Not sure I understand this, but "pre-fetching makes other optimizations unimportant" is completely wrong.
Thus, the only savings for such clever compiler encodings is in the size of the binary file, which -- in these days of 100MB-1GB applications -- is pretty insignificant.
*Gasp*, noooo! There are different compiler switches for (small) size and speed, that's for a reason. Unless you want to sacrifice performance by factor anywhere from 3 fold to 20 fold, just read any of Advanced Micro Devices (AMD) Inc.: {Software Optimization Guide for AMD64 Processors}, Publication no.25112, Revision 3.06, \bdate{September-2005}. Advanced Micro Devices (AMD) Inc.: {Software Optimization Guide for AMD Family 10h Processors}, Publication no.40546, Revision 3.1, \bdate{May-2009}. (there is a newer version) Intel Corporation: {Intel 64 and IA-32 architectures optimization reference manual}, \bdate{November-2007}. (there is a newer version) ... or what the maker of your favorite CPU has to offer. I made the "20 fold" up, the greatest ratio I have seen was about 10 thousand (clueless big program versus tiny and clever).

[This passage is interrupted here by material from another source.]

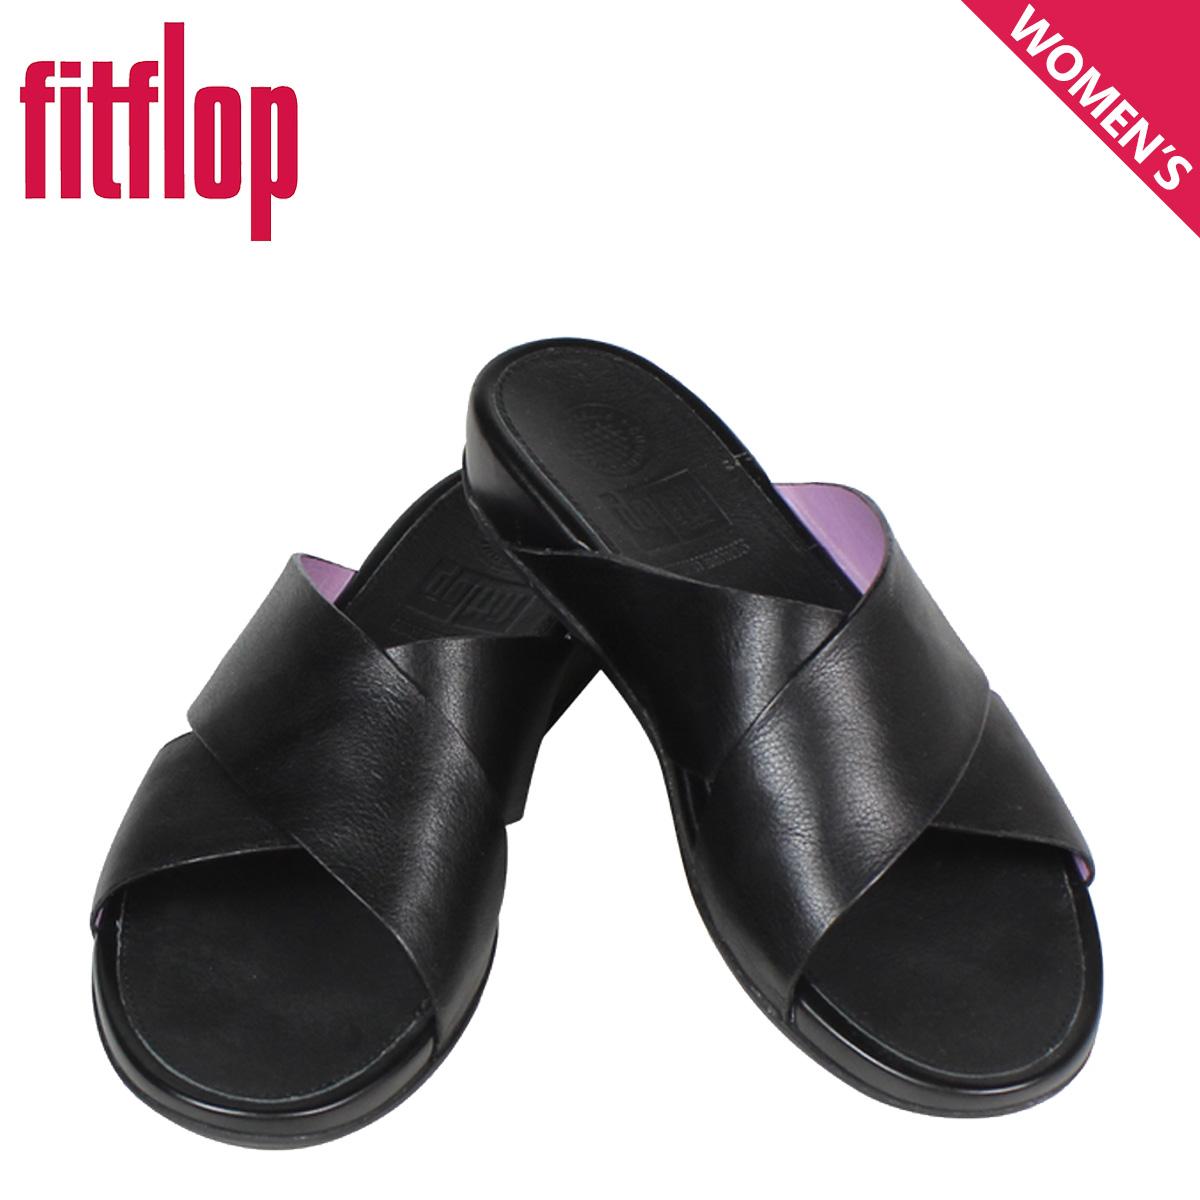 FitFlop サンダル フィットフロップ スライド AIX SLIDE 668 レディース
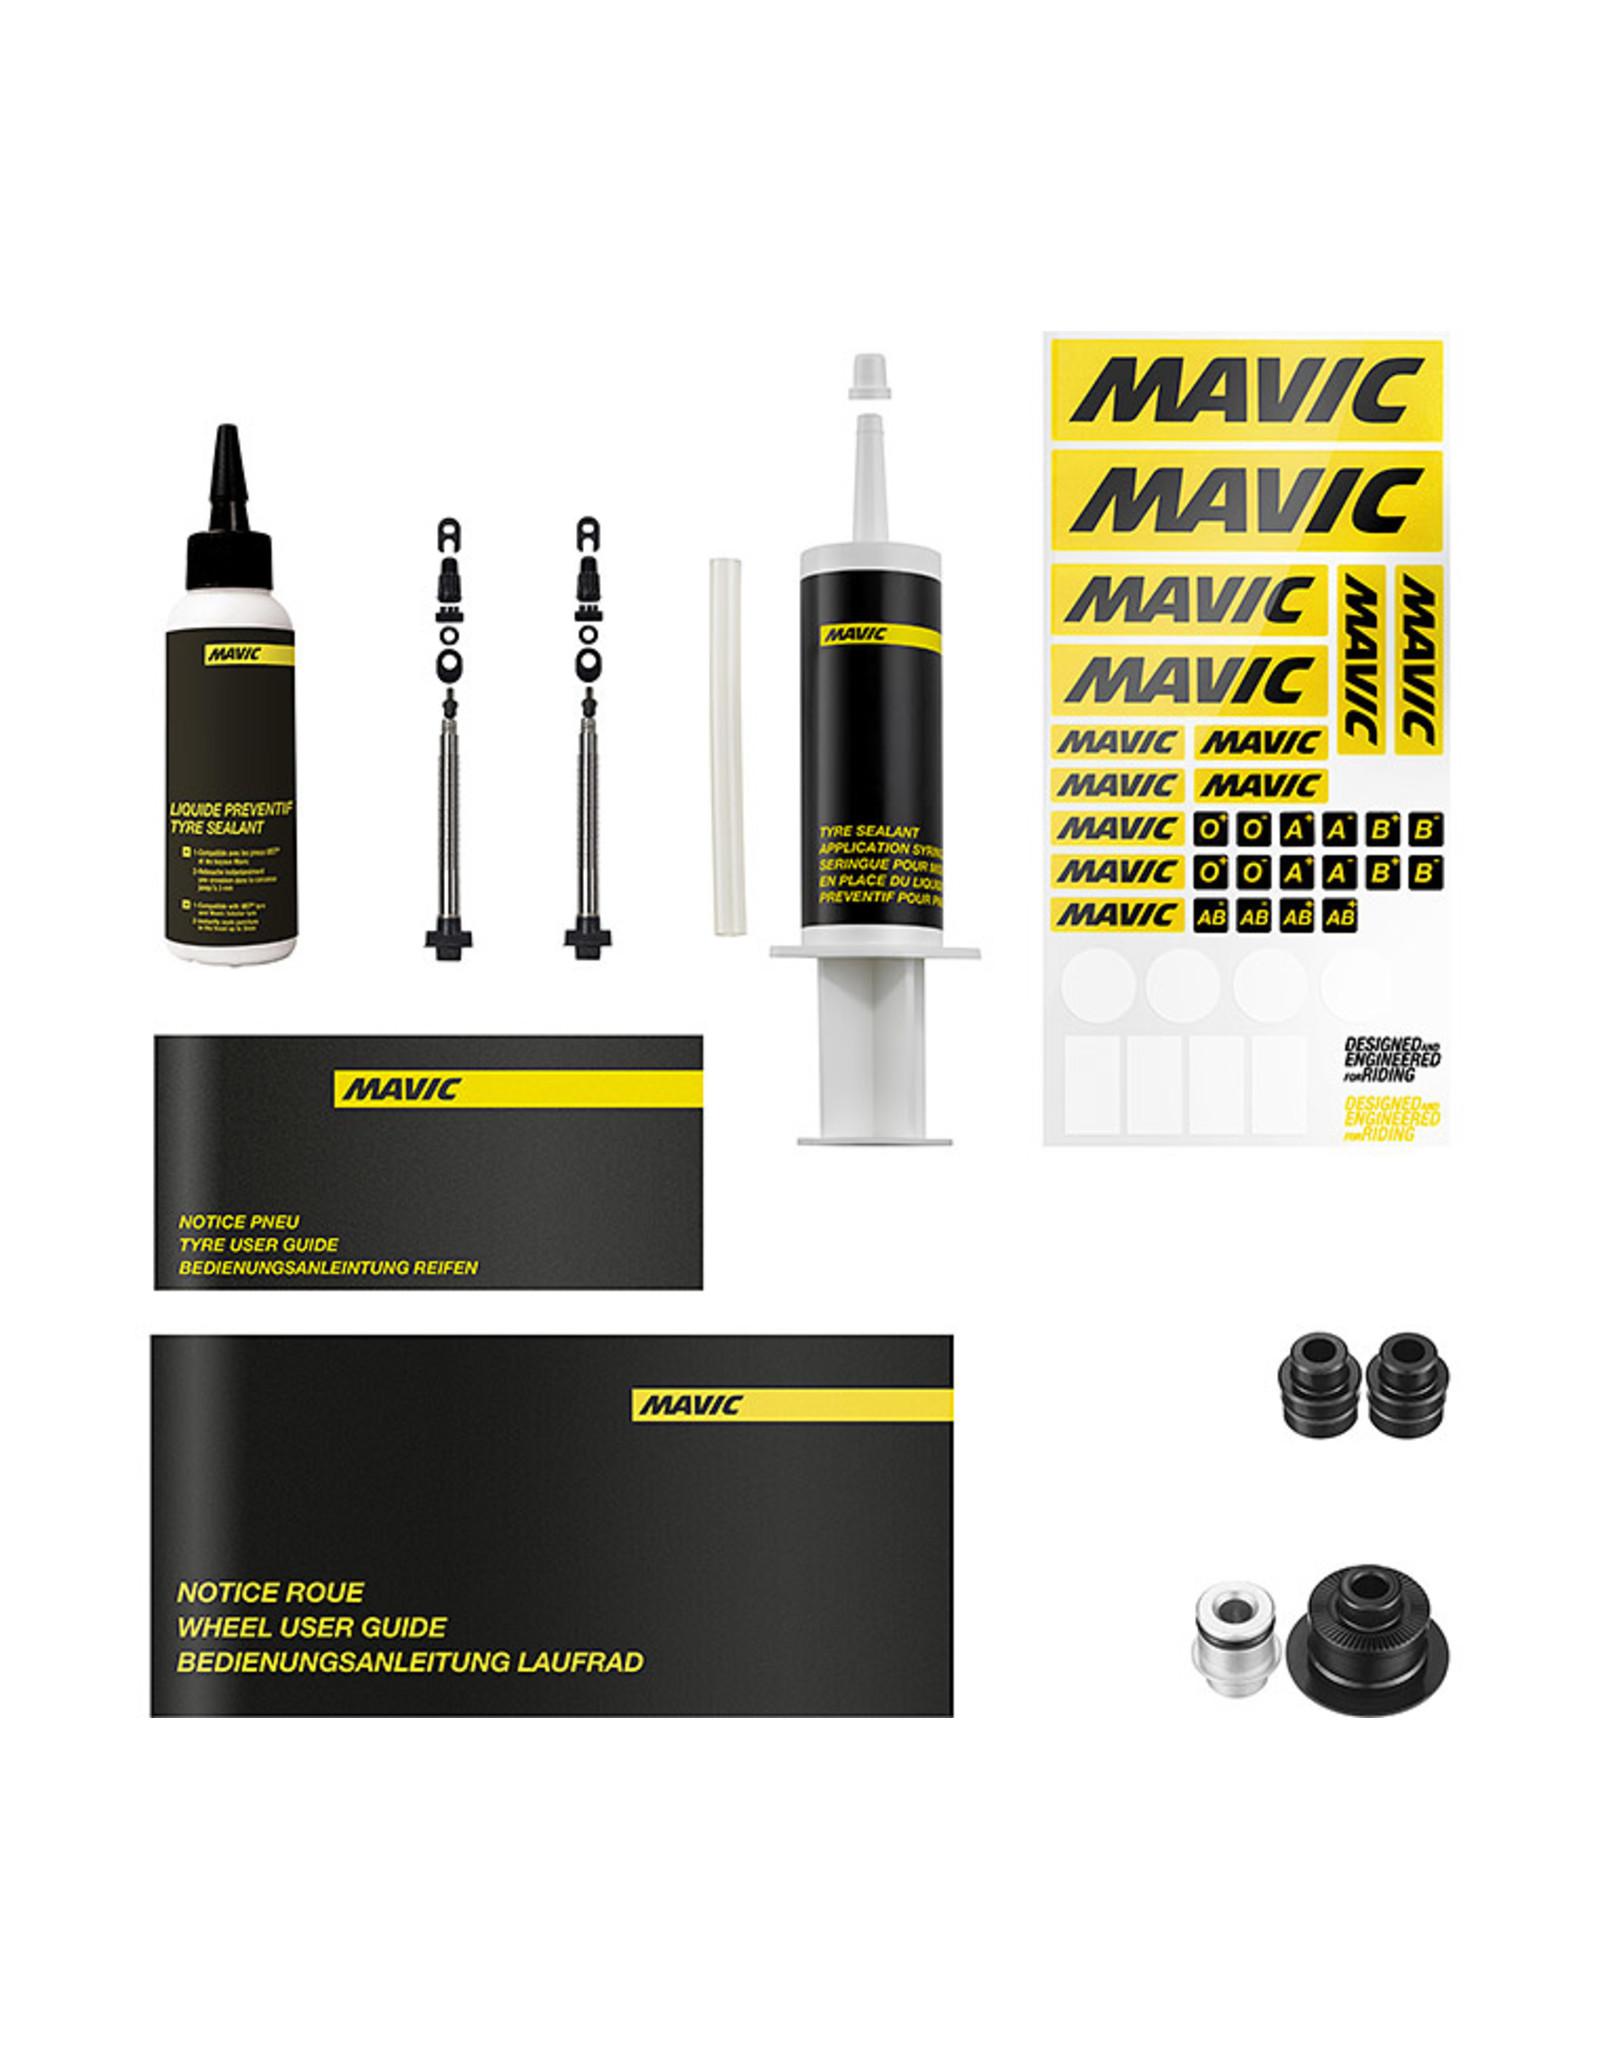 Mavic Roue Pro Ksyrium pro carbone ust front disque

* This is yet another reason for separate instruction & data caches, * which can cause all sorts of mischief when then get out of sync -- * e.g., you can hide malicious code in plain sight (well, in the * instruction cache), while the data cache shows the non-malicious * code. But this is a discussion for another day.
I always assumed the are mechanisms for cache-coherency, am I wrong? Even if there are none: "executable" and "writable" should be mutually exclusive for any memory page (leaving security aside, self-modifying code tends to cripple performance). Best regards, jj
[...]